Oggi però è successa anche una cosa che mi ha fatto piangere, fondamentalmente perché più invecchio e più mi rammollisco.
Oggi abbiamo avuto un cittadino che aveva un disagio grosso come una casa. Gli hanno rubato qualsiasi cosa. Portafogli. Documenti. Tessera sanitaria. Bancomat. Portafogli. Cellulare.
Cittadino fuori provincia. Addirittura all’estero negli anni precedenti. Una di quelle cose per cui non si poteva fare nulla. Infatti gli ho detto ‘se non ti danno i tuoi soldi in posta vienimelo a dire’.
Non so mica cosa mi è preso. Ma era un ragazzo solo a Milano che non poteva contare su nessuno perché ha la famiglia a sud, senza un amico e in balìa della burocrazia, che quando vuole essere stronza fa le cose per bene.
Quindi a un certo punto della mattina è tornato, perché non gli hanno dato i suoi soldi in posta. Voi direte ‘giustamente’ e io invece dico anche un po’ fanculo. Perché è una roba che mi manda ai matti e un giorno ne parleremo. Non oggi perché oggi è una giornata particolare.
E quando è tornato ho fatto l’unica cosa che potevo fare. Gli ho dato dei soldi che avevo nel portafogli. Non tanti perché non giro con troppi soldi ma nemmeno pochi per una che è eternamente precaria. Sì, perché va bene che non sono preoccupata per la questione economica, al momento, ma non ho ancora sposato un milionario.
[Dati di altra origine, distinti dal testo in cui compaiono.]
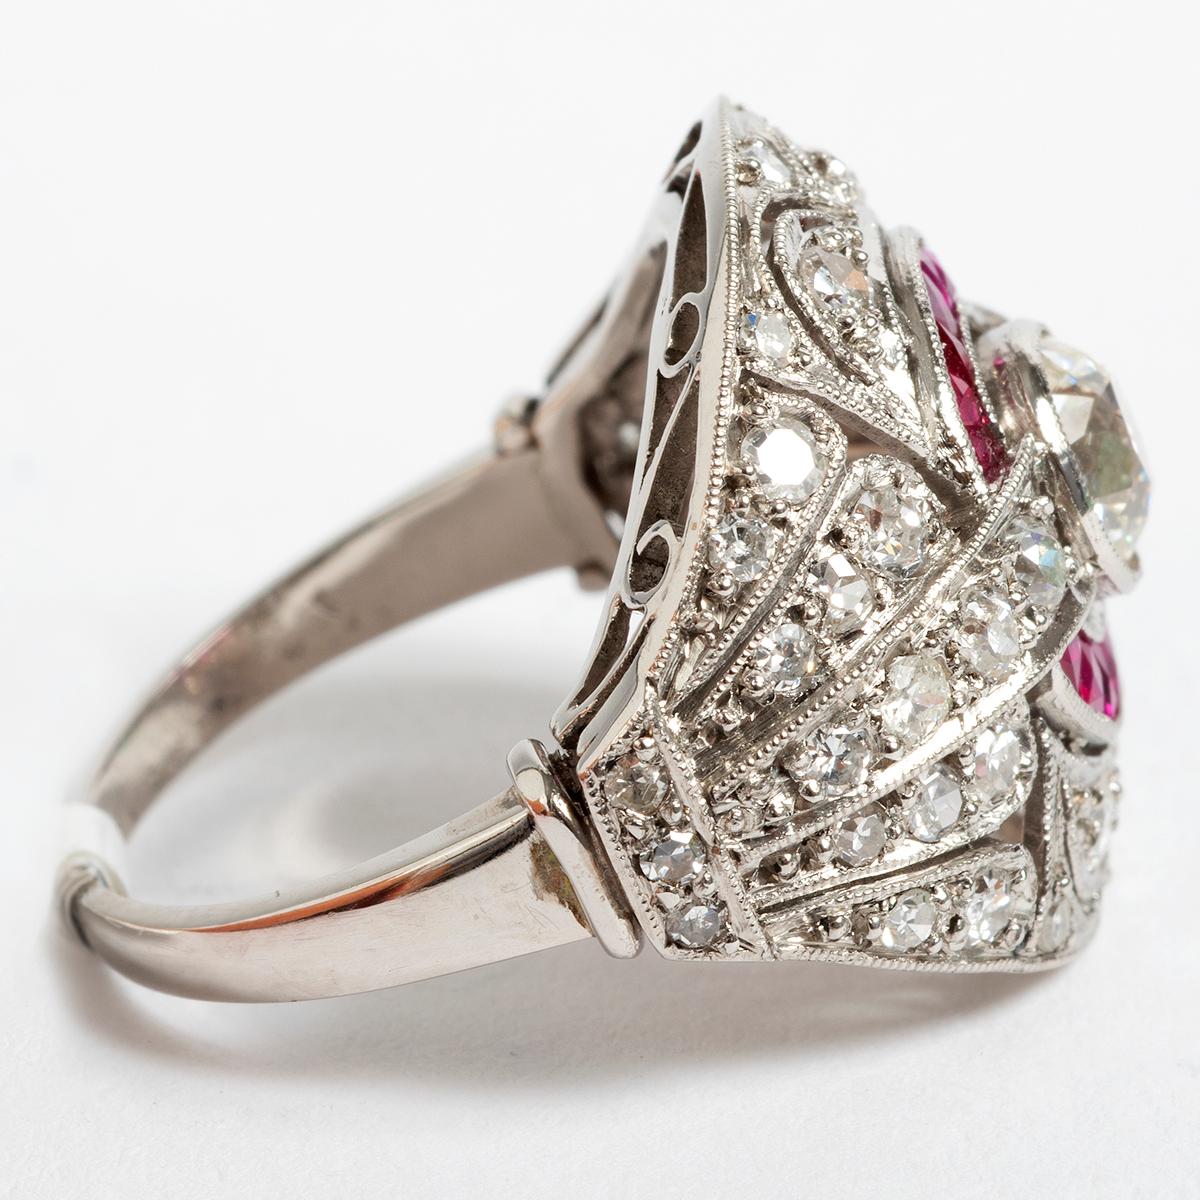 Cette bague en platine de style art déco des années 1900, ornée de diamants et de rubis, est disponible en taille UK L 1/2 / US 6. Une pièce vibrante et magnifiquement conçue.

E se non erano pochi per me figuriamoci per lui.
Poi sapete come fa la gente che è in difficoltà. Non vuole aiuto. Pensa che sia disdicevole. Una volta lo pensavo anche io. Poi ho dovuto cambiare idea.
Certe volte devi per forza farti aiutare. Perché certe volte sai perfettamente che la persona che hai davanti e ti dice ‘ci siamo passati tutti’ c’è passata sul serio.
Oggi la persona che c’è passata sul serio ero io.
Oggi ho anche capito che quella cazzata che ogni tanto ripeto, che nessuna buona azione resta impunita, è vera.
Perché prima o poi sarai tu nella condizione di restituire una buona azione e se non sei l’anello di congiunzione tra l’immondizia e il cestino che la contiene, restituirai un po’ delle buone azioni ricevute.
Che poi mi tocca sfatare un mito, tipo quella storiella che fare qualcosa di buono ti fa bene.
Io sono conscia di aver fatto una cosa buona oggi, ma la sensazione di non aver fatto abbastanza, perché alla fine la mia cosa buona di oggi non ha risolto un problema, è tutta lì, ed è diventata frustrazione.
Non basta la gratitudine momentanea a farla passare.
Perché io con questo senso di non aver potuto fare abbastanza ci passerò il tempo. Mi tornerà su all’improvviso come i peperoni mal digeriti quando meno me lo aspetto.